Habitat for the fish on Mill Creek has been impacted by historical mining, logging and livestock grazing that took place in the drainage. In the 1930s a dam was proposed across the creek to create a reservoir in the scenic mountain valley.

“Historic landowners channelized and diked the north bank, cutting off Mill Creek from its side channels and historic flood plain,” Parish wrote to FWP in 2021. “The lack of large wood and instream habitat complexity within this reach indicates that wood has likely been removed and the stream channel simplified.”

During the summer irrigation season, the stream’s lower stretch often goes dry.

That’s bad news for Yellowstone cutthroats, which spawn in late June and early July, swimming up the stream from the Yellowstone River, said Scott Opitz, FWP fisheries biologist in Livingston. The eggs don’t hatch until the end of August. If the creek has run dry by then, the fish won’t survive.

By improving the stream’s habitat, TU is hoping that “fish born in Mill Creek would encounter better rearing conditions that would improve survival and increase abundance of (Yellowstone cutthroat trout) in Mill Creek and in the Yellowstone River.”

Work on this stretch of Mill Creek should also benefit a visible and popular spot for anglers.

“There’s a Forest Service easement that cuts across this chunk of private property, so it’s a really popular fishing location,” Brubaker said. “But the habitat isn’t great, there’s not a lot of complexity and in-stream structure.”

Final water cases in court

Looking into the future, phase three of the project could involve moving the creek away from the road to protect it from high water and to expand fish habitat.

Also on the horizon are possible settlements of water rights cases dating back to 2019 filed by Montana Trout Unlimited seeking to keep more water in Mill Creek to benefit the fishery.

“By and large, we’ve wrapped up all but three,” said Pat Byorth, Montana TU’s water director for the Rockies.

The conflict dates to the 1980s when a pipeline system was installed to help conserve water for irrigators and, ideally, keep water in the creek. Instead, TU argued some landowners expanded their irrigated acreage after the pipeline was installed to the detriment of the creek and other landowners.

“If we can get 15 cfs to the East River Road bridge it will keep most of the eggs wet and provide passage for fry to the Yellowstone River,” Byorth said.
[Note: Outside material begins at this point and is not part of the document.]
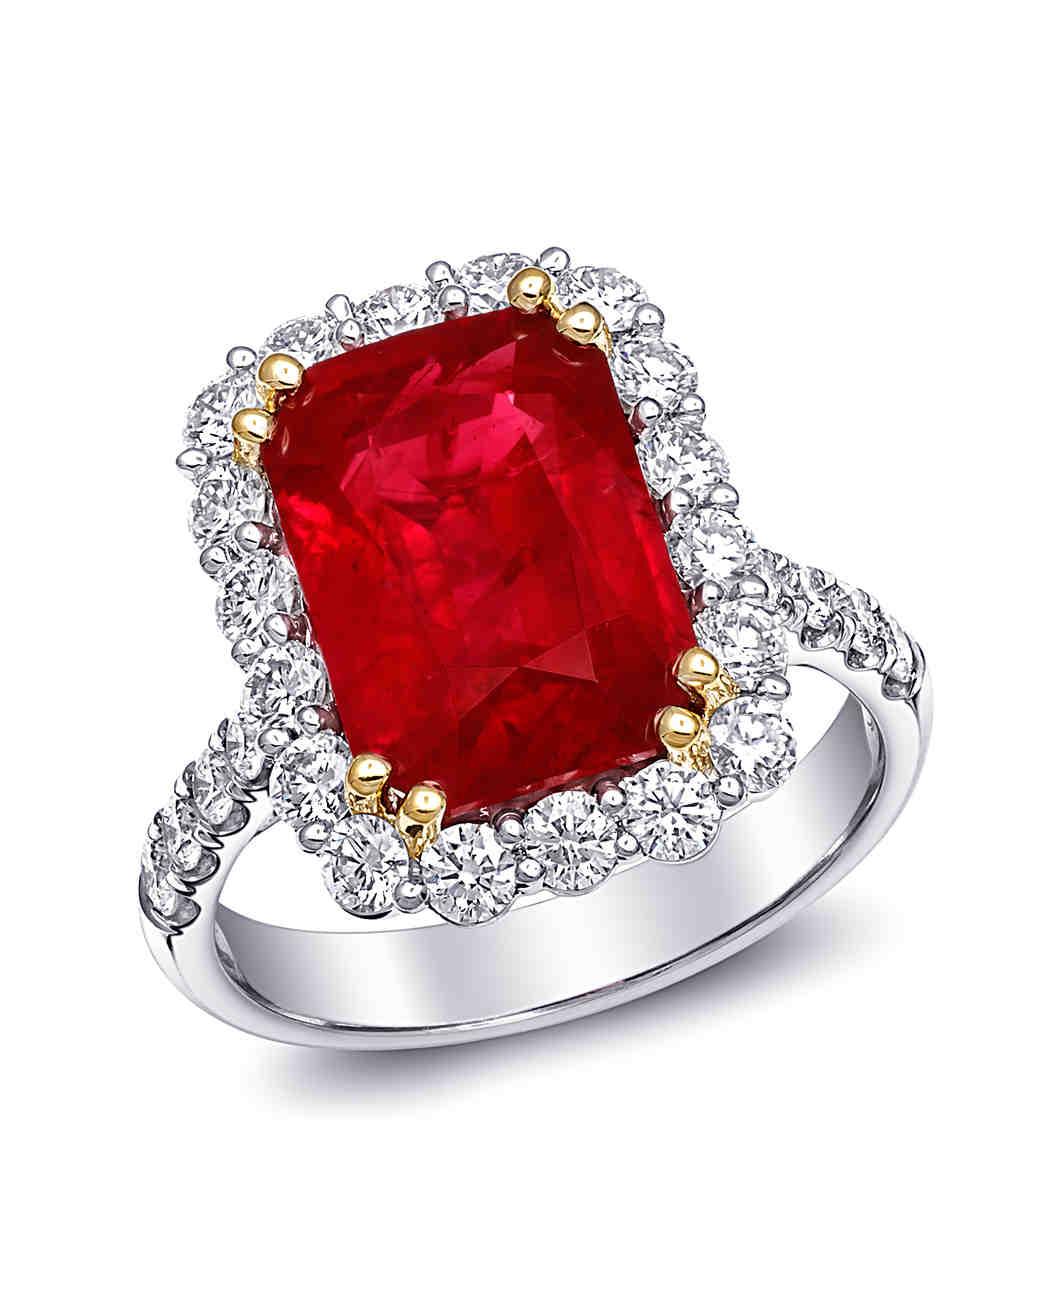 34 royal ruby engagement rings | martha stewart weddings frznosn
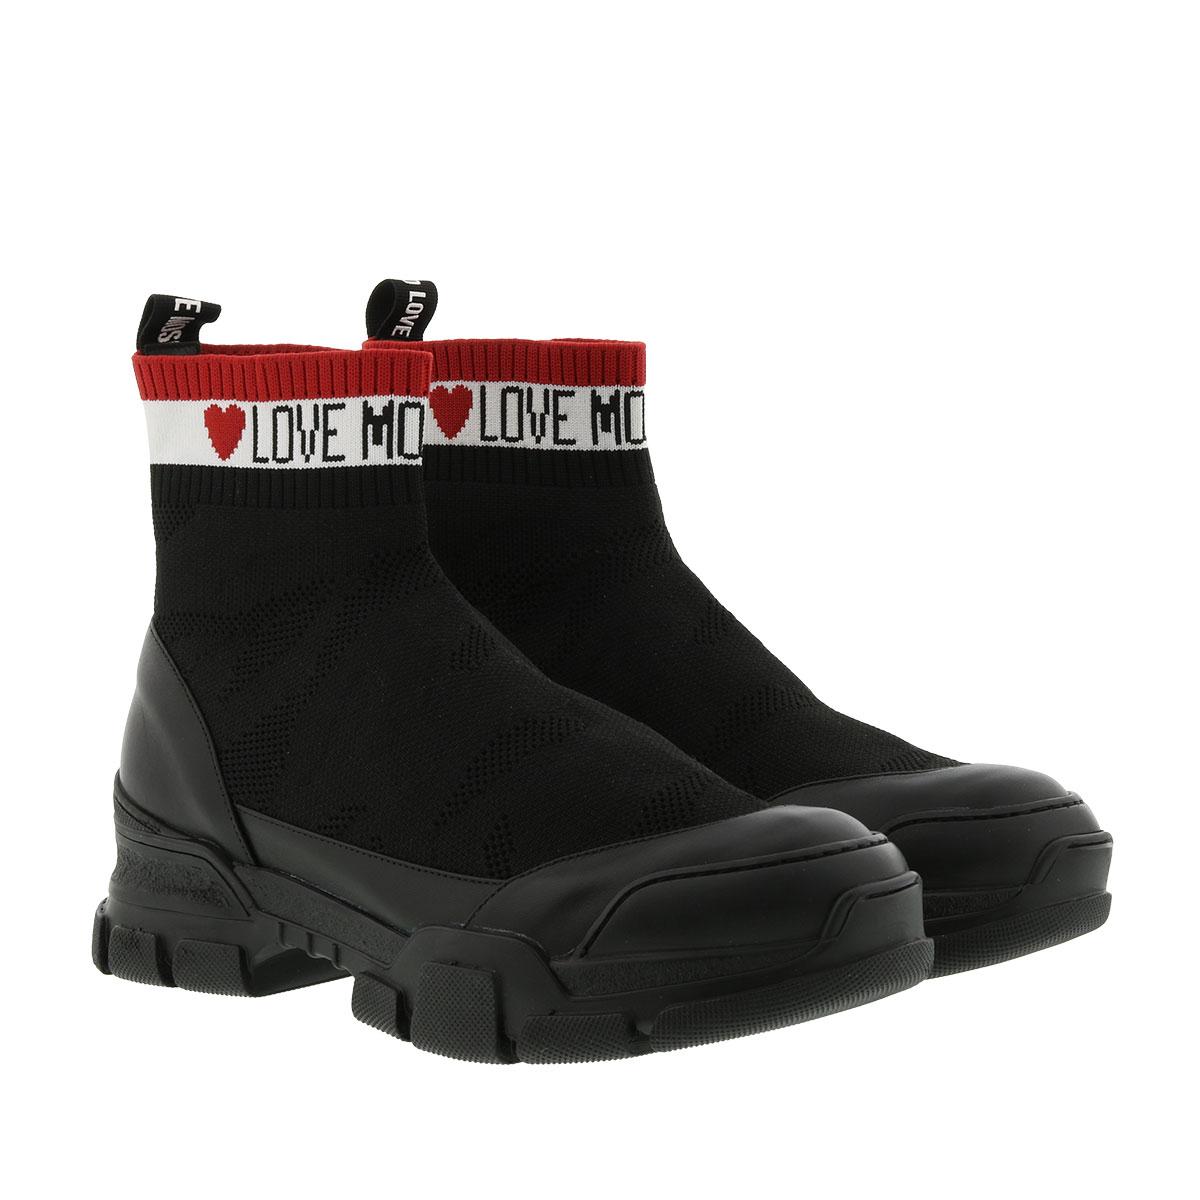 Love Moschino Sneakers - Sneaker High Heart Nero - in schwarz - für Damen

At 35 cfs, fish would be able to move up the creek from the Yellowstone River to seek refuge from warmer summer flows, he added. 

Byorth is hopeful that if Mill Creek is again connected to the Yellowstone River year-round, Yellowstone cutthroats will have a better chance of thriving in their homeland.

“The other tributaries upstream are now connected,” he said. “If we connect Mill Creek, it makes the whole system much more drought resistant, and that’s the ultimate goal.”

Photo: Trout Unlimited | A Montana Conservation Corps crew helps install a log jam on Mill Creek as part of an overall project to increase fish habitat and restore a channelized section of the Yellowstone River tributary.